__MATERIAL FOR THE TASK__:
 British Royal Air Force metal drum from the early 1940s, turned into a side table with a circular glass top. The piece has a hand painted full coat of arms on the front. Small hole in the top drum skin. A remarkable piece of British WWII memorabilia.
==
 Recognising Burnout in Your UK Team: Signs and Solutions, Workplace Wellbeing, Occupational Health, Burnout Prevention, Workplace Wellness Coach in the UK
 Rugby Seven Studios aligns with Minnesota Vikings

__YOUR INSTRUCTIONS__: Say only the number of lines above holding "with".

__ANSWER FOR THE TASK__: 2